» **YOUR ASSIGNMENT**
Your job is to give again, exactly and with no additions, the lines in the records below from the one with "Emma Jayne Illustrator & pattern designer" through the one with "calle di notte", both included. Omit the pictures.

» **SUPPLIED MATERIAL**
++++++

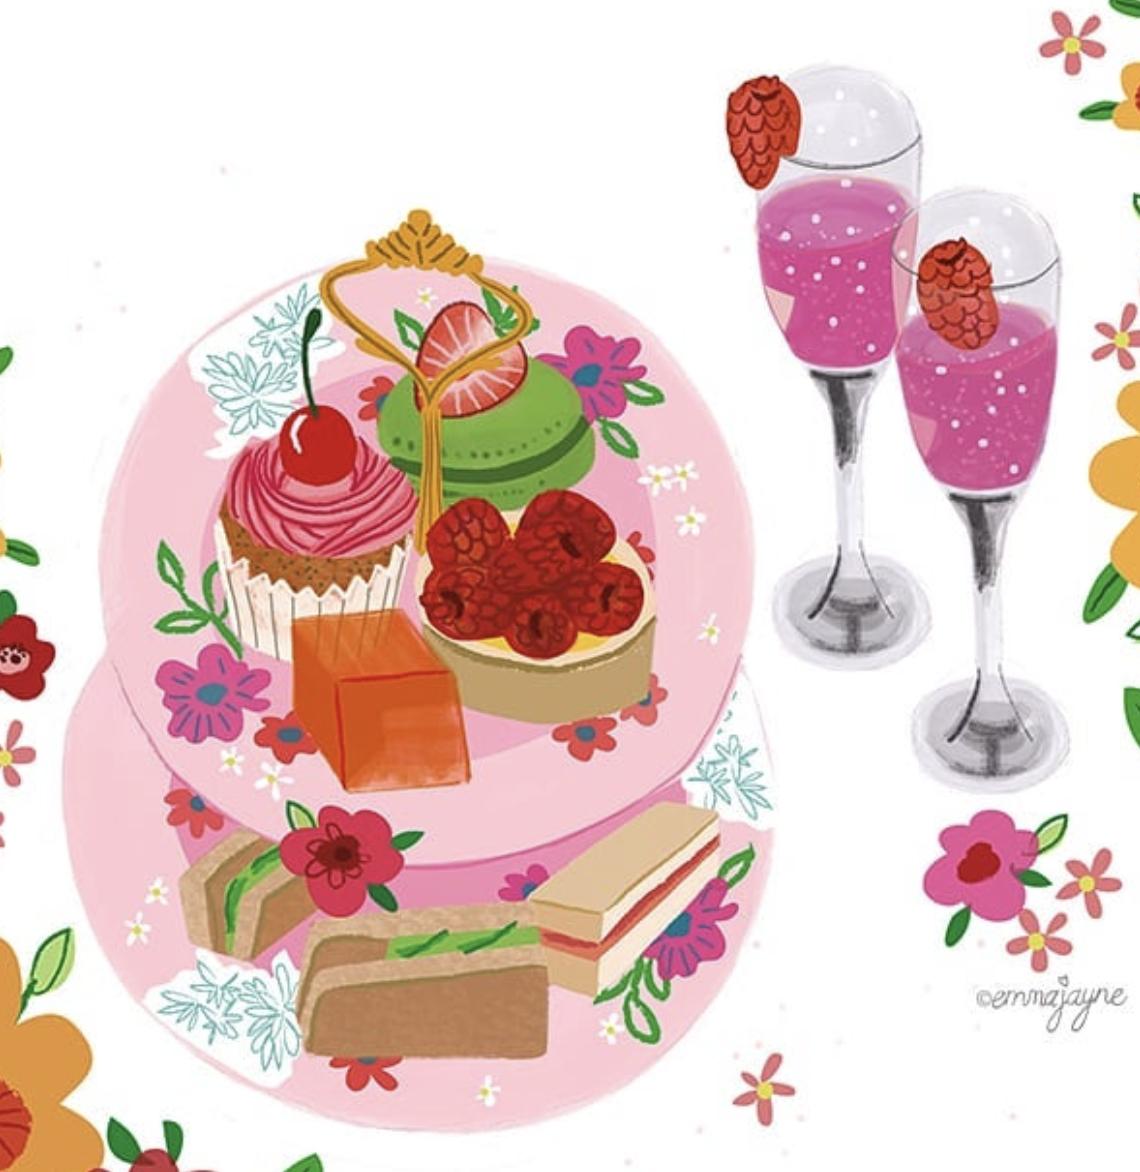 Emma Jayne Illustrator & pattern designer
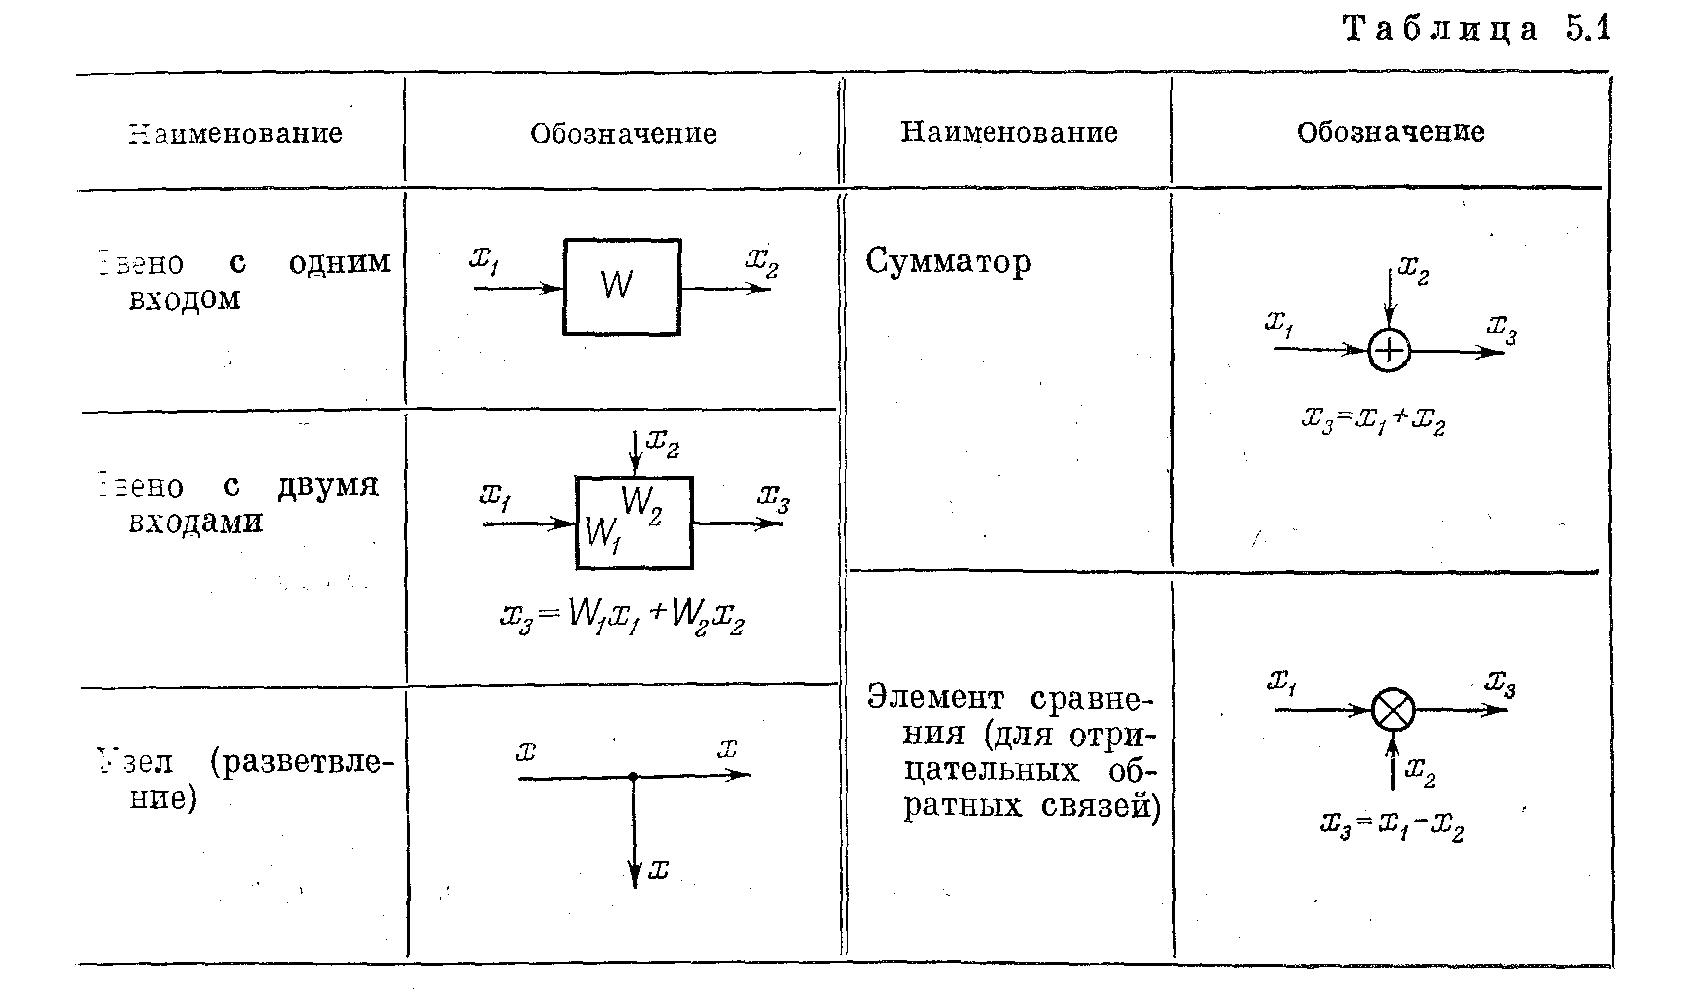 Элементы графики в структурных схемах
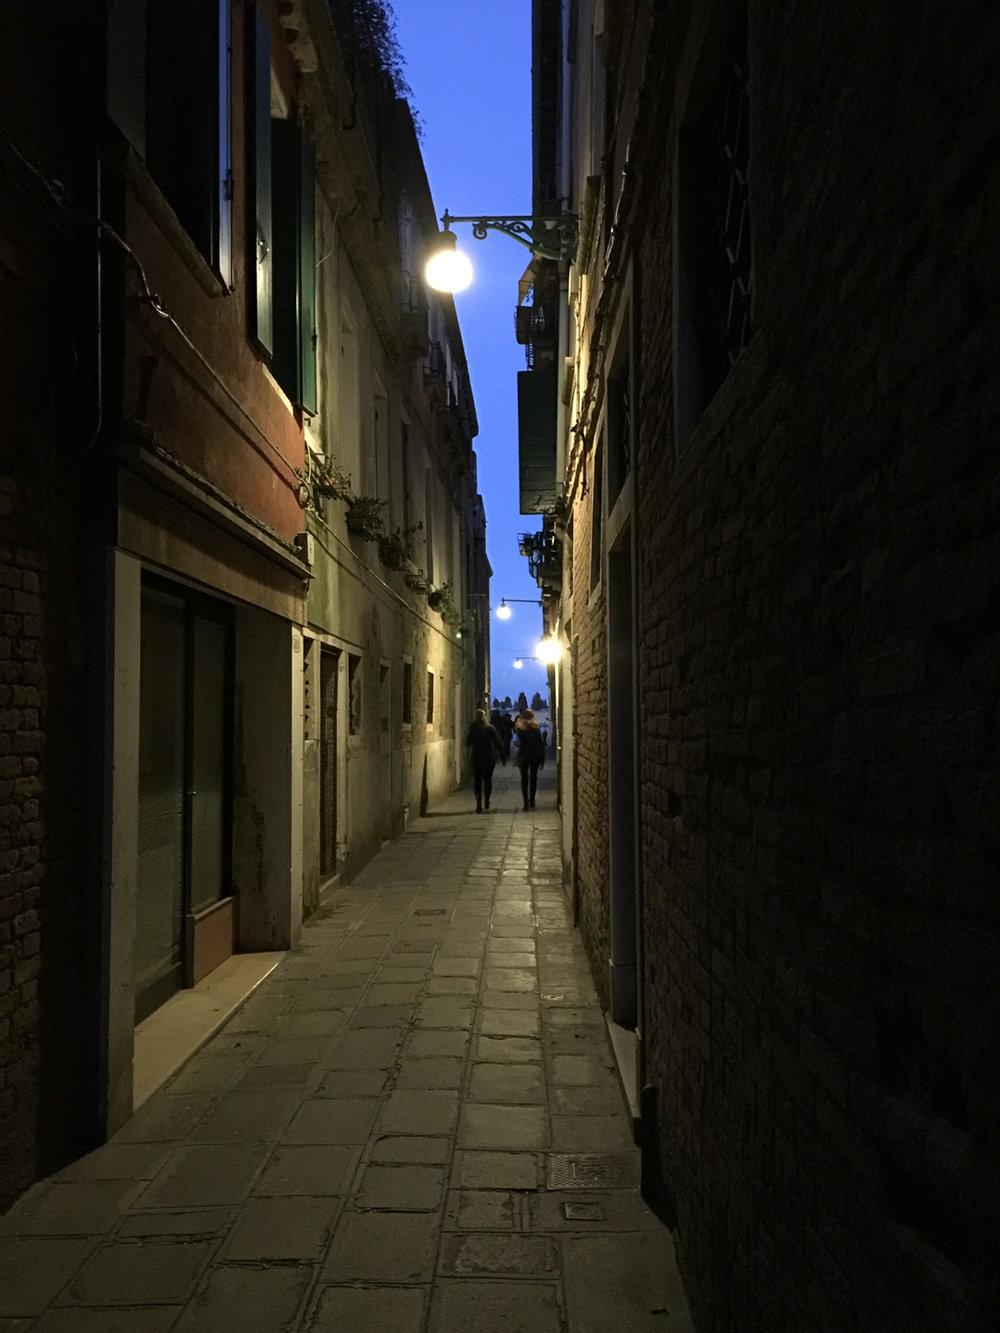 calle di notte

++++++

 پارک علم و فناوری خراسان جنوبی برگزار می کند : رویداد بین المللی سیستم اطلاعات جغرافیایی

++++++

» **YOUR RESPONSE**
 Emma Jayne Illustrator & pattern designer
 Элементы графики в структурных схемах
 calle di notte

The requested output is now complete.